I have read that the session_id is a combo of the client ip and time, but give that I am using a load balancer, that might be limiting the randomness of the ip_addresses?

What is the proper way to increase the uniqueness of session_ids to prevent collisions when using a load balancer?

Upvotes: 4

Views: 1922

Answers (2)

siliconrockstar
siliconrockstar

Reputation: 3664

Assuming you're running PHP-FPM on each web node, but I guess #2 and #3 would probably work running PHP as an Apache plugin as well.

You've got a few options here:

  1. Keep your LB'd web nodes with apache and have each one point to the same upstream PHP-FPM server. Obviously the third box running the single PHP-FPM process might need to be beefier, since it's handling PHP parsing for both web nodes.
  2. Change the session storage to point to a file location (probably a NFS or SMB share) that both servers can access. Not sure if I've ever done this honestly but it seems like it would work. Really, your web files should probably be on an NFS/SMB share already so you can deploy changes to only one location.
  3. Spin up a redis server and have both web nodes' PHP-FPM process use that for session.

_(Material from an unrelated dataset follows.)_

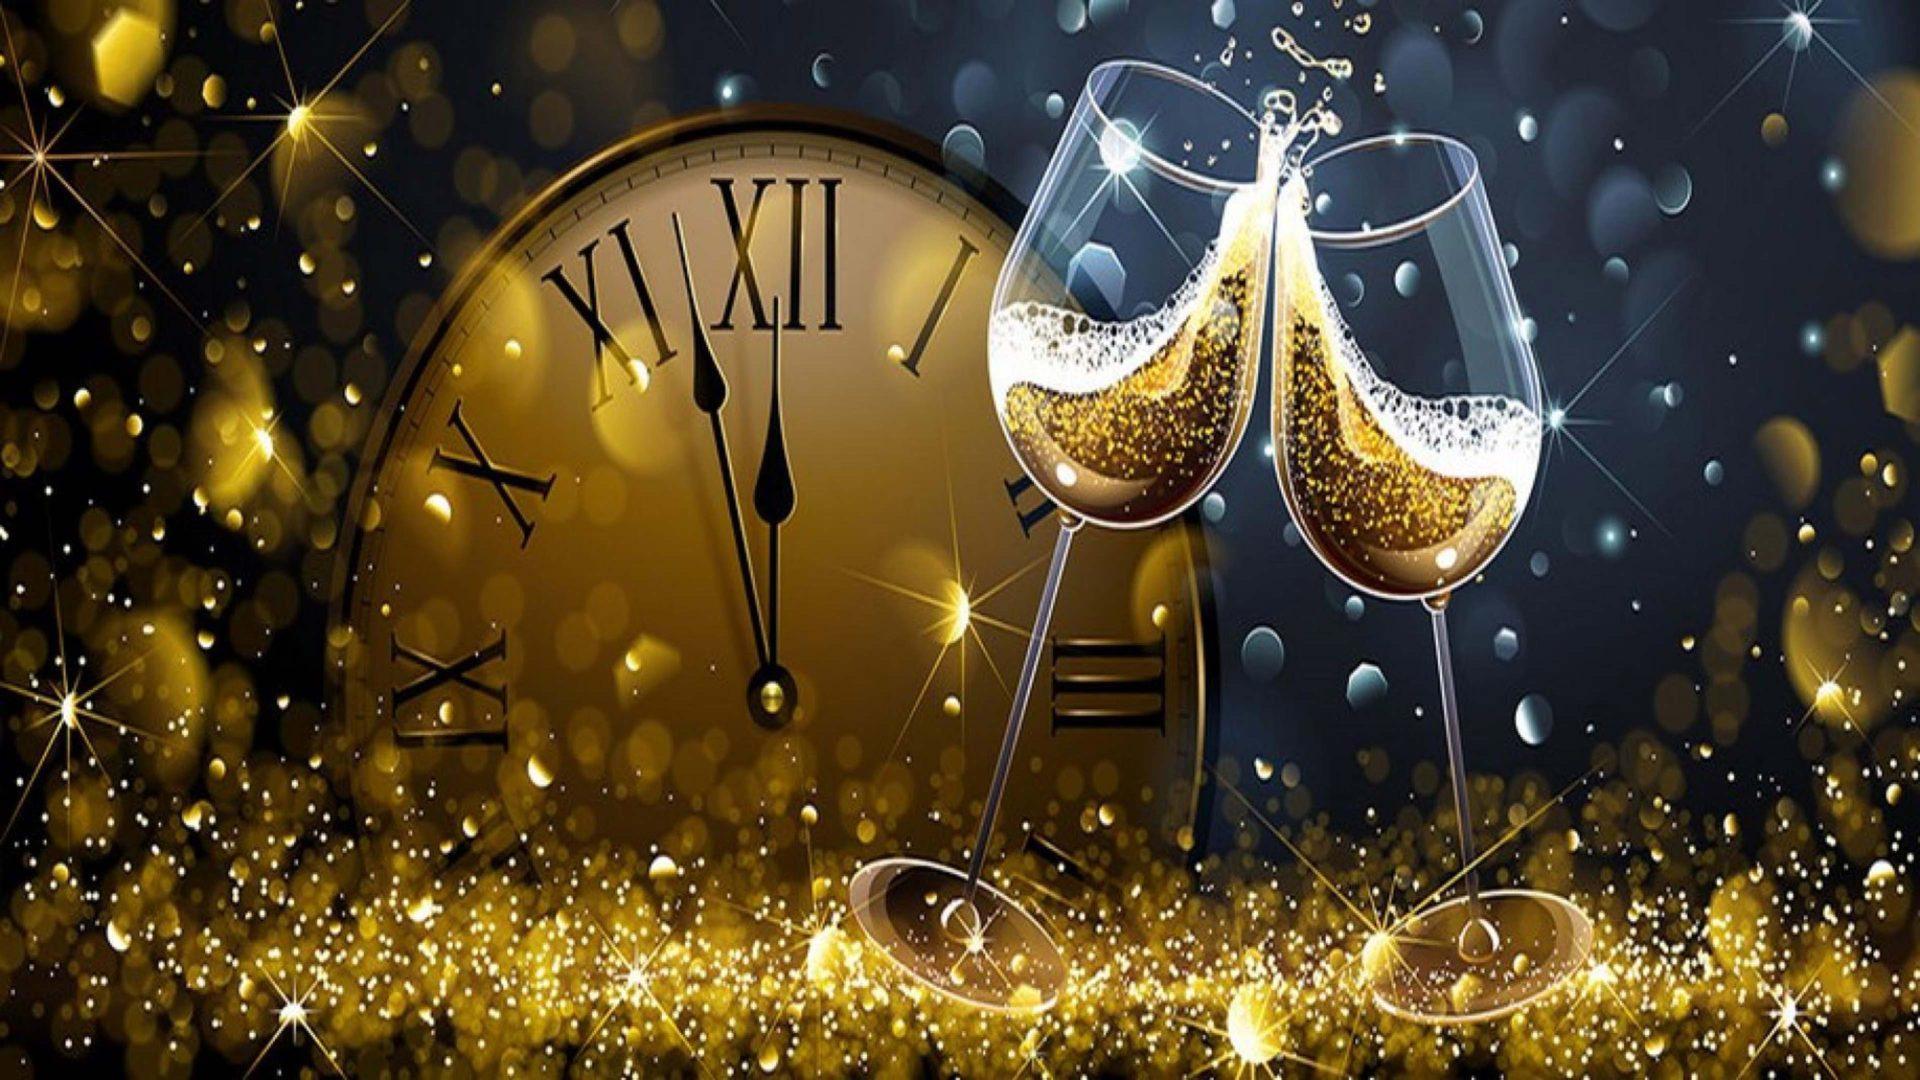 1920x1080 December 31 Happy New Year 2021 New Year's Party Greeting Card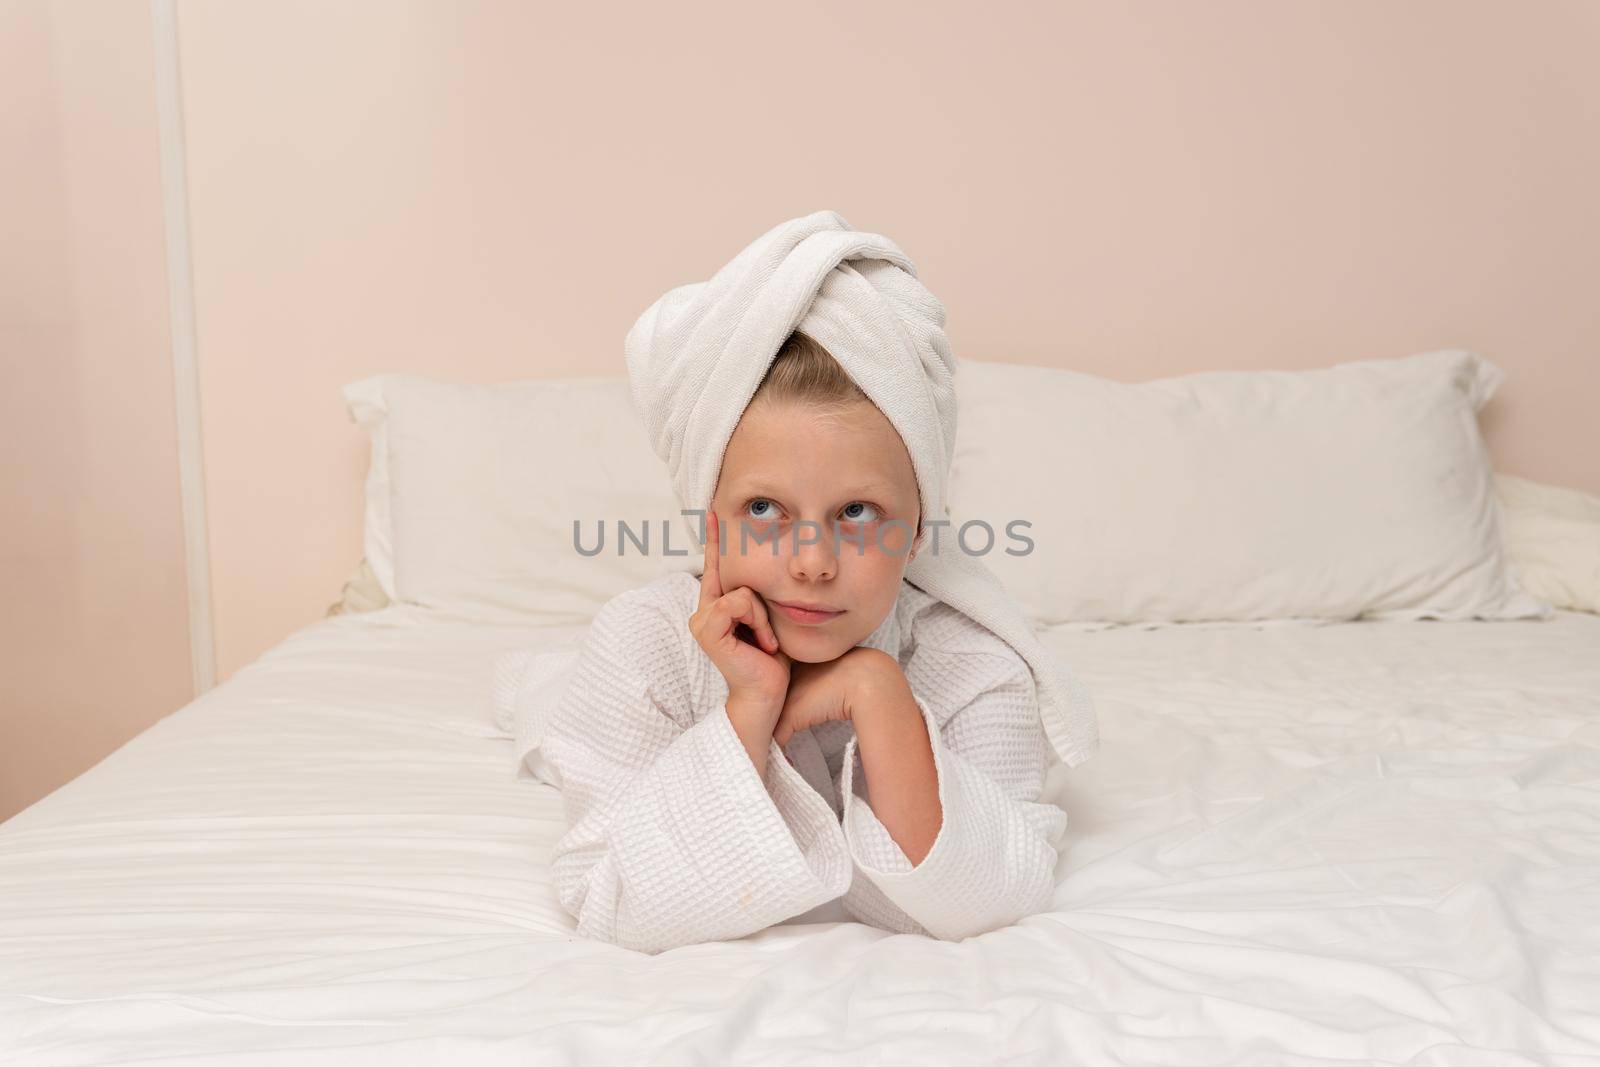 Elbows bathrobe Creek copyspace smile coffee bed girl white bathroom, from people dressing for happy from caucasian gown, pirate background. Care funny wellness, comfort

Number three is probably the best option in most cases.

Upvotes: 1

Devon Kiss
Devon Kiss

Reputation: 239

If you are using Nginx you may want to check if FastCGI micro-caching is enabled and disable it. This has caused some errors before noted in PHP.net developers bugs listings in PHP 7.1 running nginx

Bug #75496 Session ID Collision happened few times

After the first case [of collision] we changed a hash entropy php settings in php.ini so session_id is now 48 chars but it didn't help to prevent second case.

Solution:

FastCGI micro caching at nginx that cached 200 responses together with session cookies. Of course maybe it was set wrong at our server, but its definitely has nothing to do with PHP.